==== Dataset content

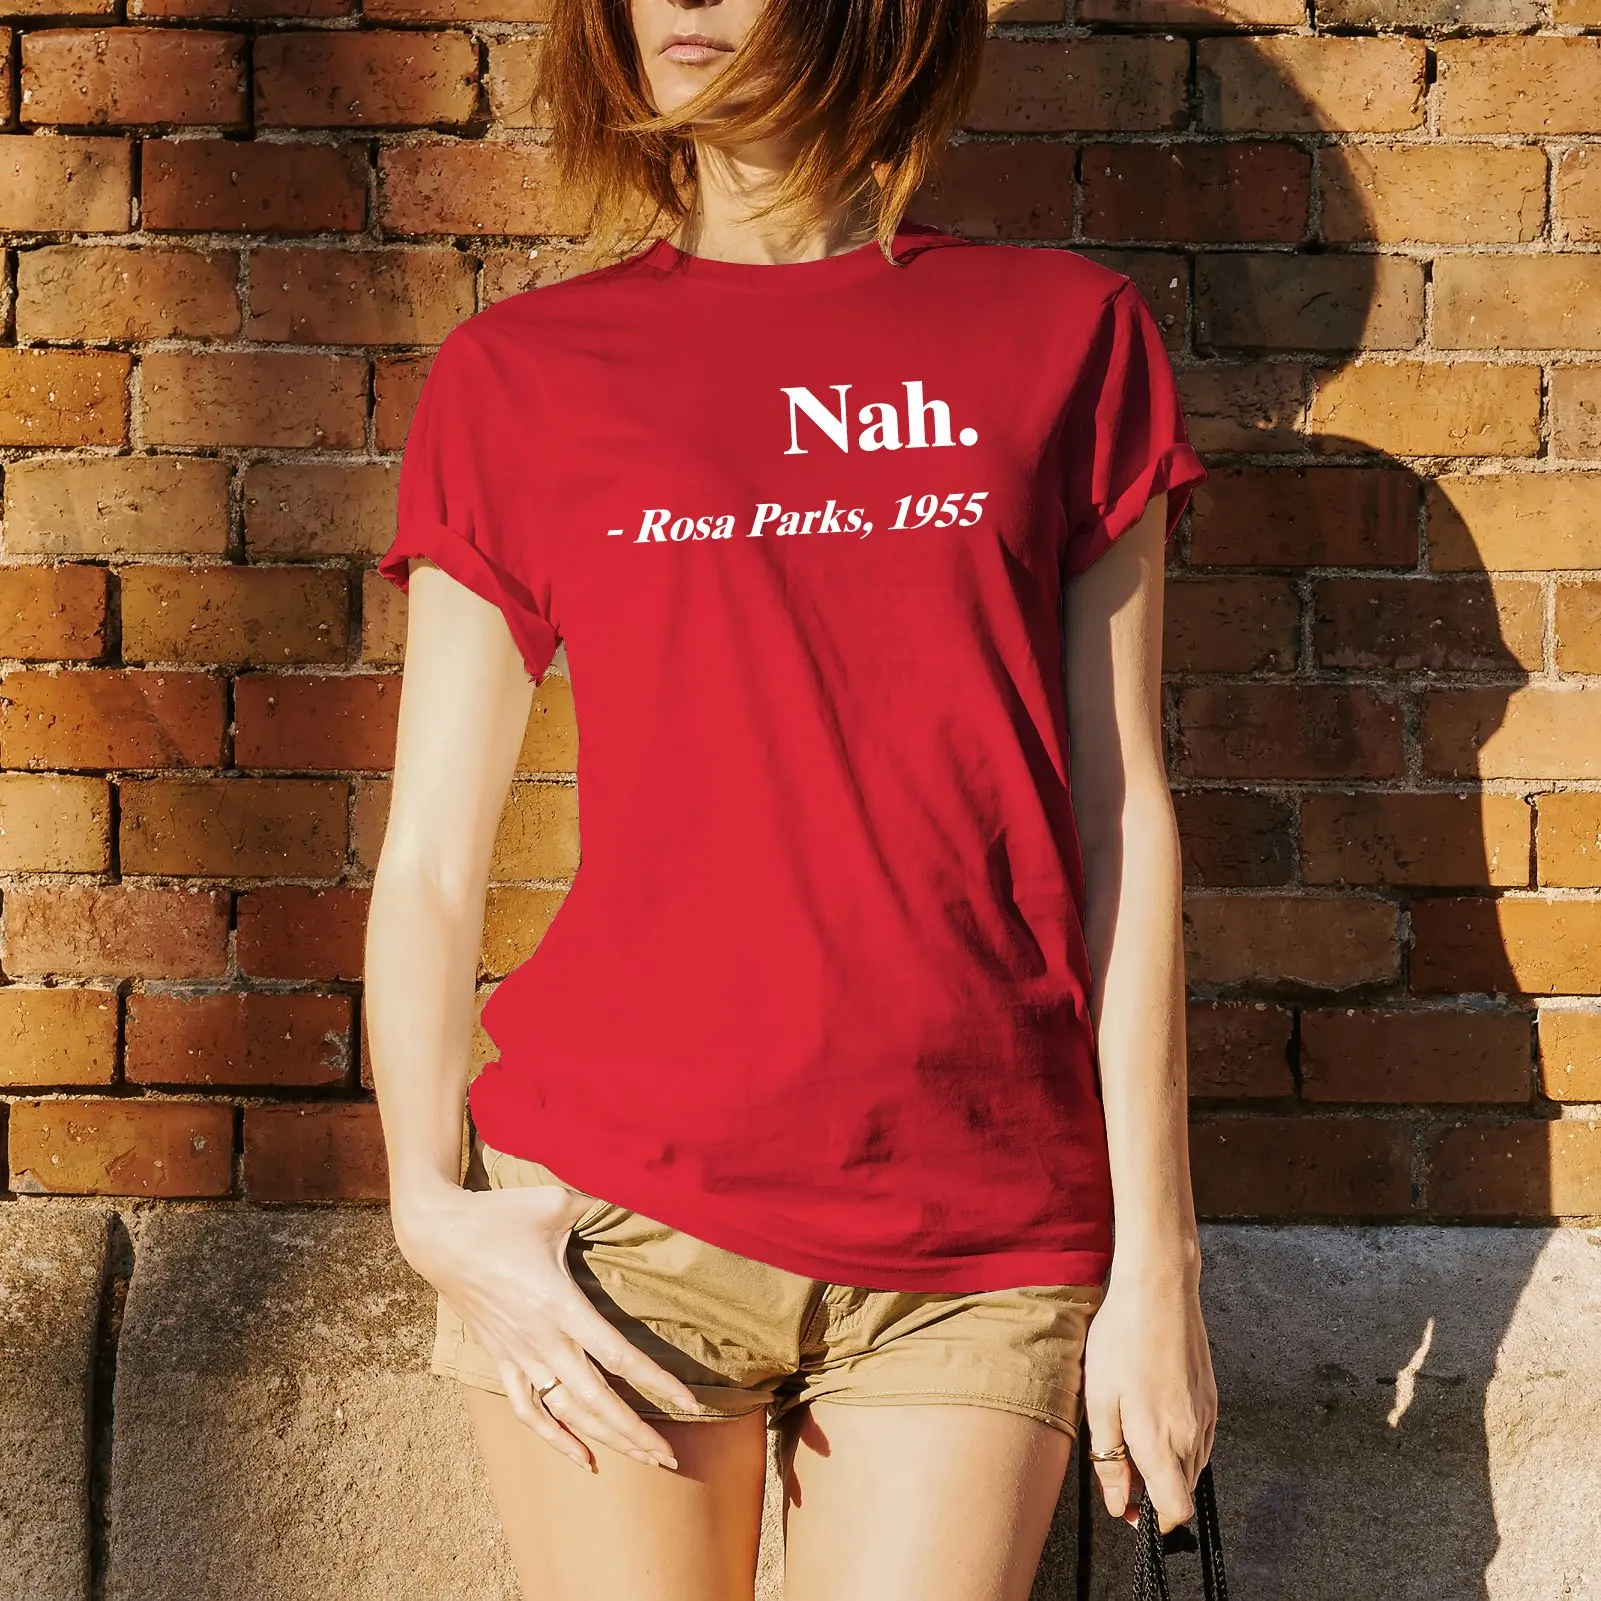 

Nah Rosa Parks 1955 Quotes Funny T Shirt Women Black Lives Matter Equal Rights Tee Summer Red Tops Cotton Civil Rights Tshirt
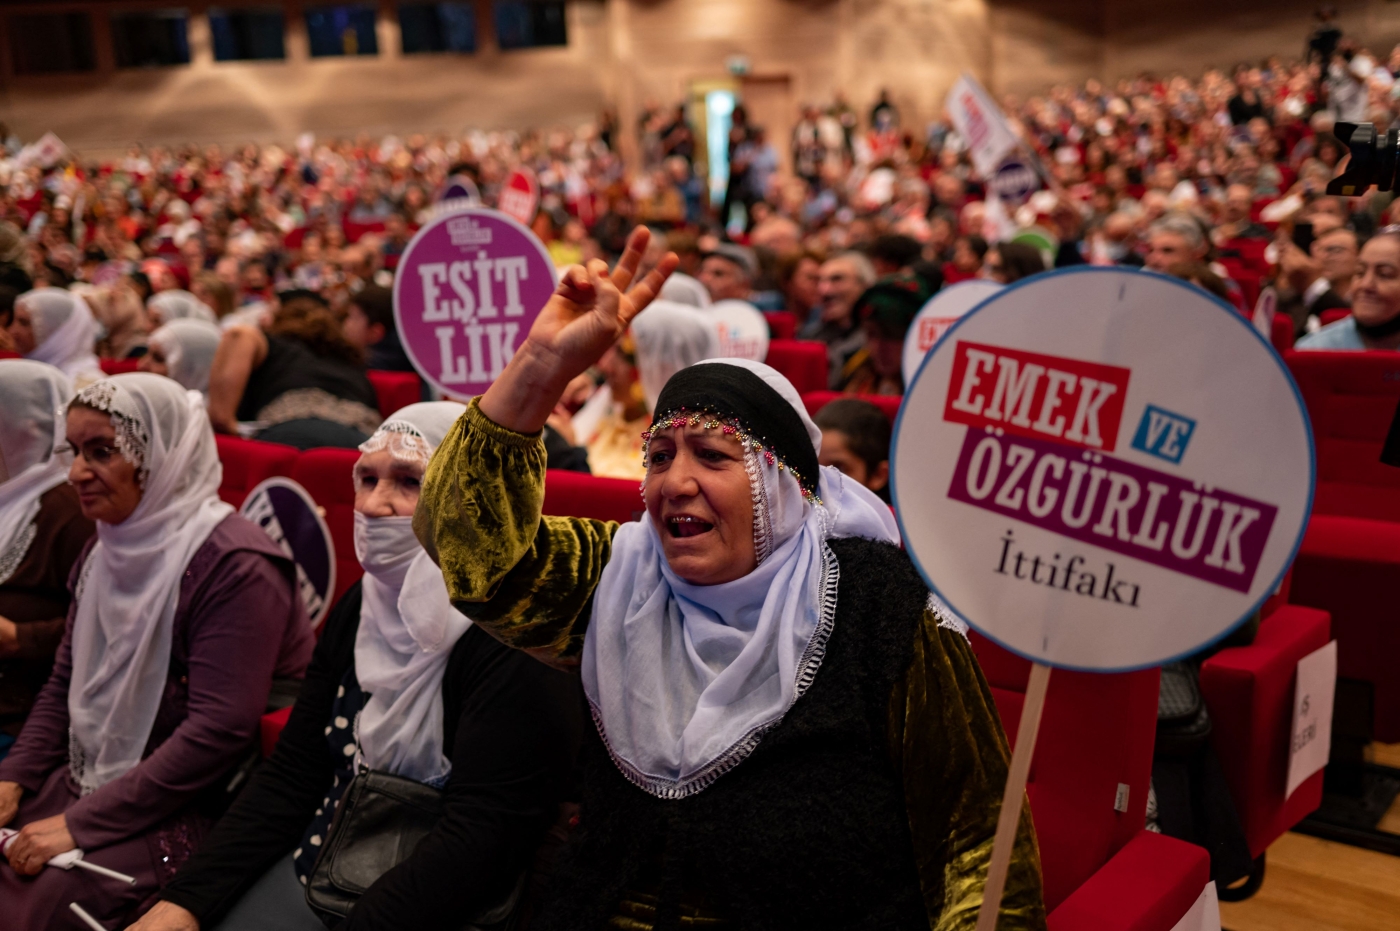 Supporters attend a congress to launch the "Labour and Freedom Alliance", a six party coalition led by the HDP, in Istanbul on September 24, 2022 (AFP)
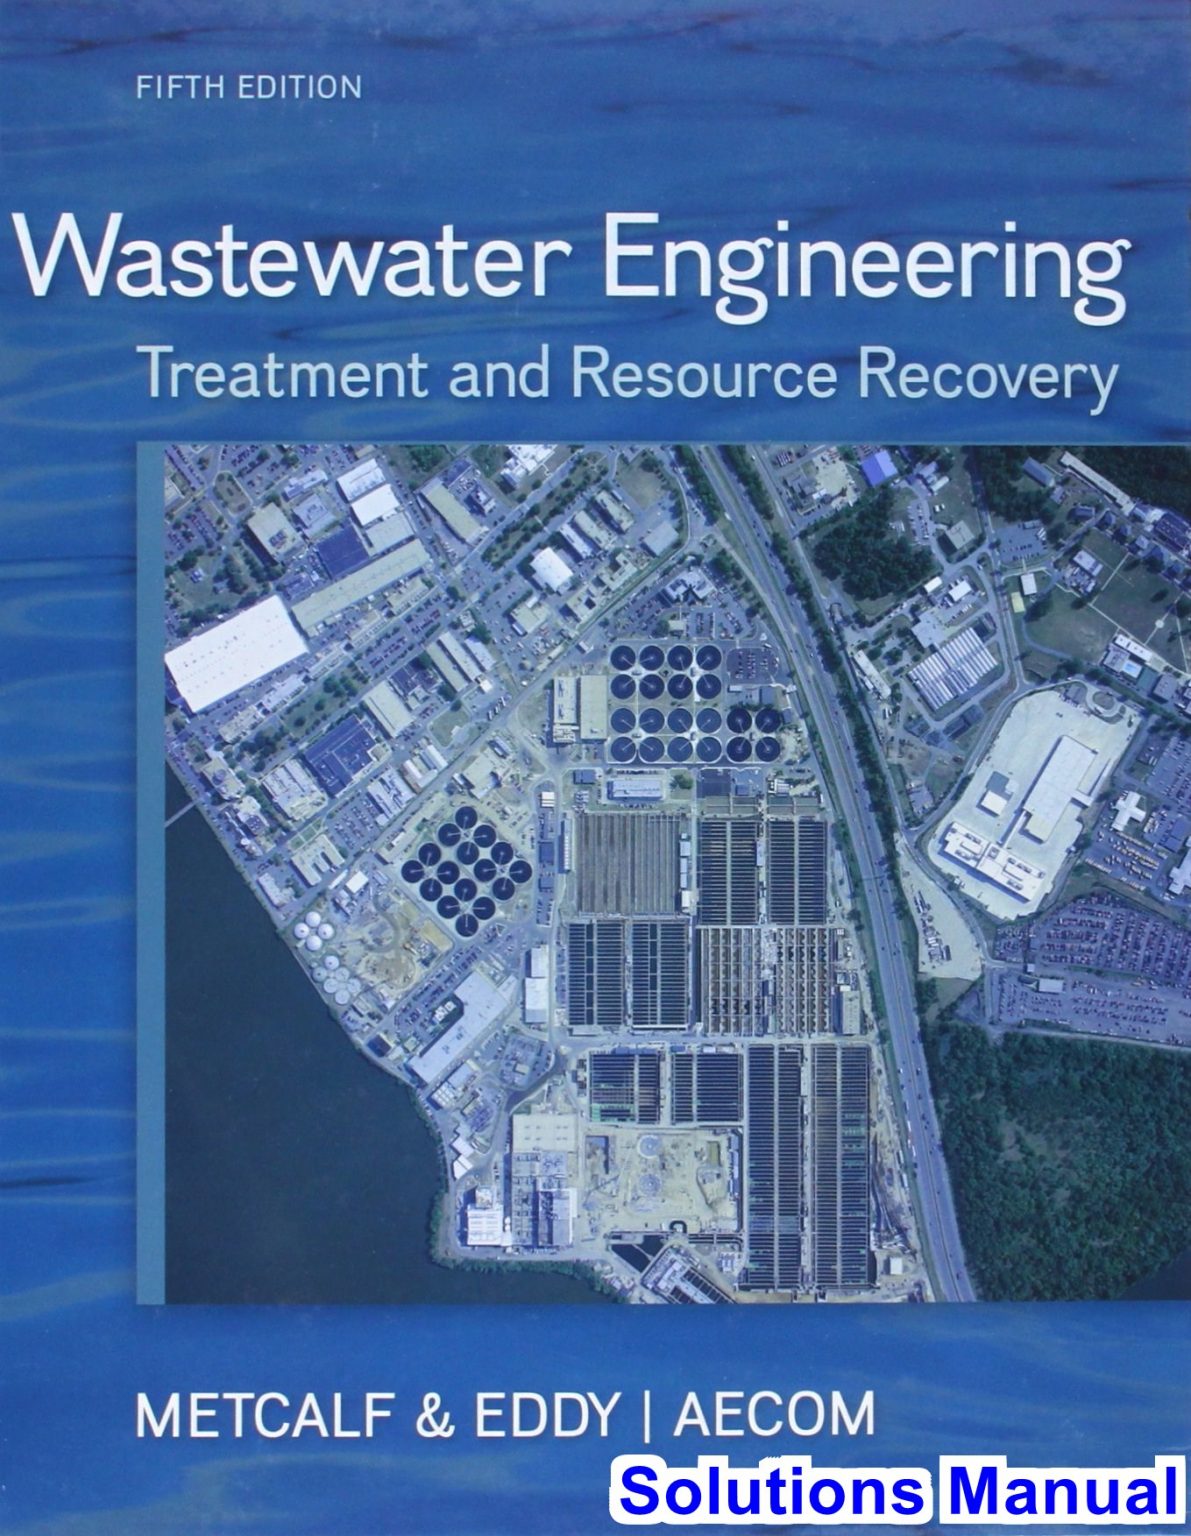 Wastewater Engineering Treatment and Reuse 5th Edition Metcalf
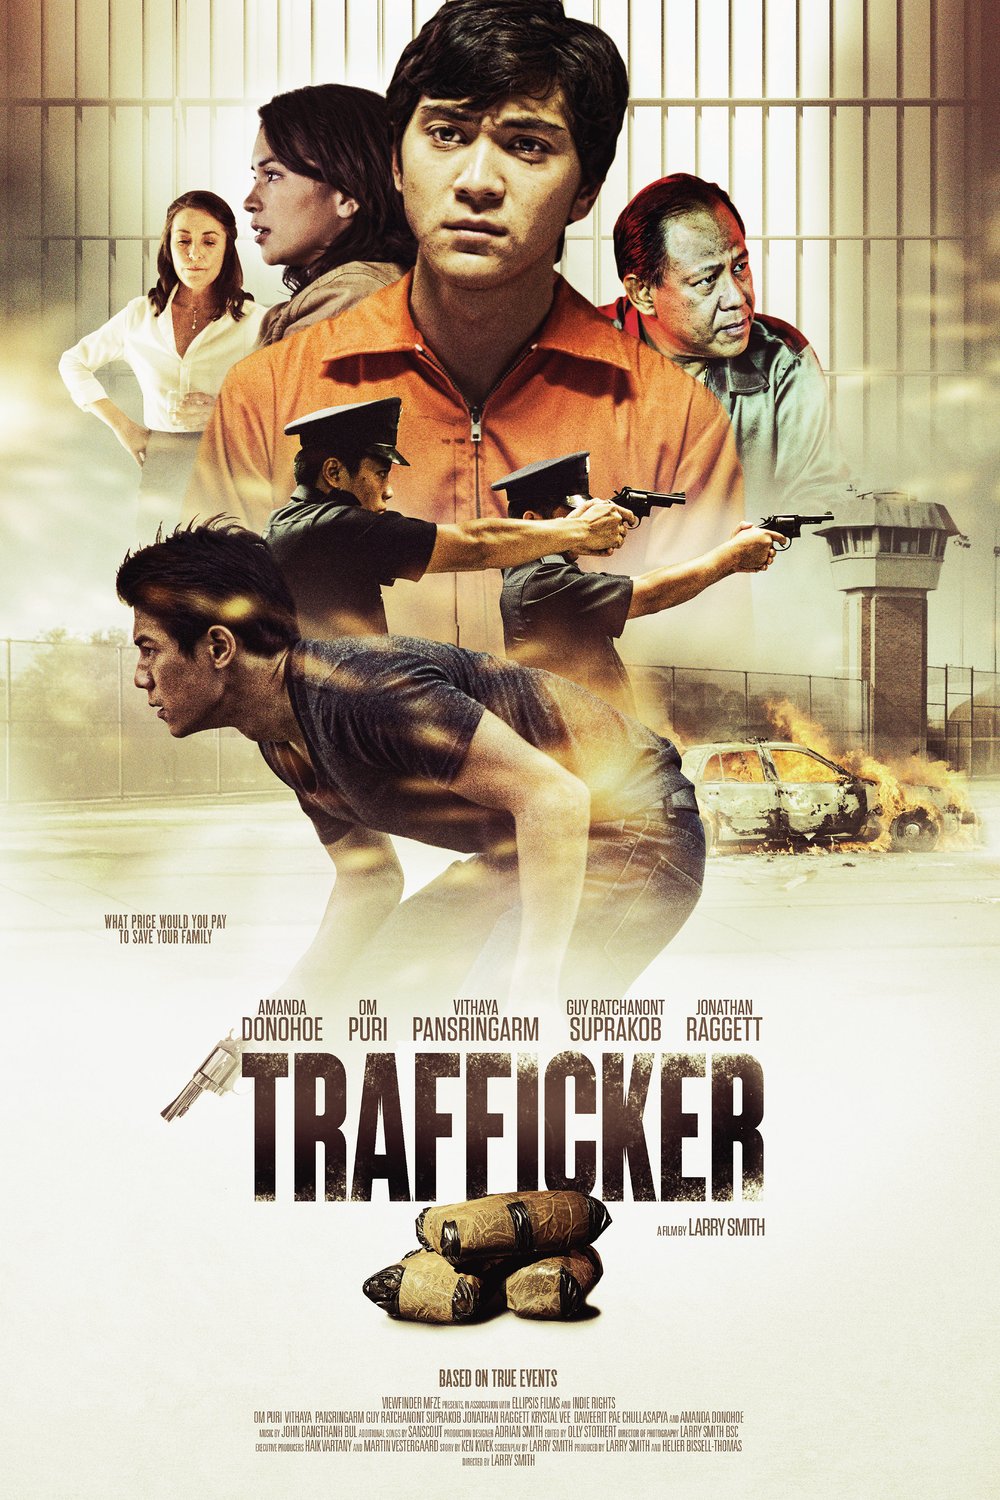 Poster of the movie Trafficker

========

What you should do:
Everything in the listing except the pictures must be reproduced exactly.

Result below:
Nah Rosa Parks 1955 Quotes Funny T Shirt Women Black Lives Matter Equal Rights Tee Summer Red Tops Cotton Civil Rights Tshirt
 Supporters attend a congress to launch the "Labour and Freedom Alliance", a six party coalition led by the HDP, in Istanbul on September 24, 2022 (AFP)
 Wastewater Engineering Treatment and Reuse 5th Edition Metcalf
 Poster of the movie Trafficker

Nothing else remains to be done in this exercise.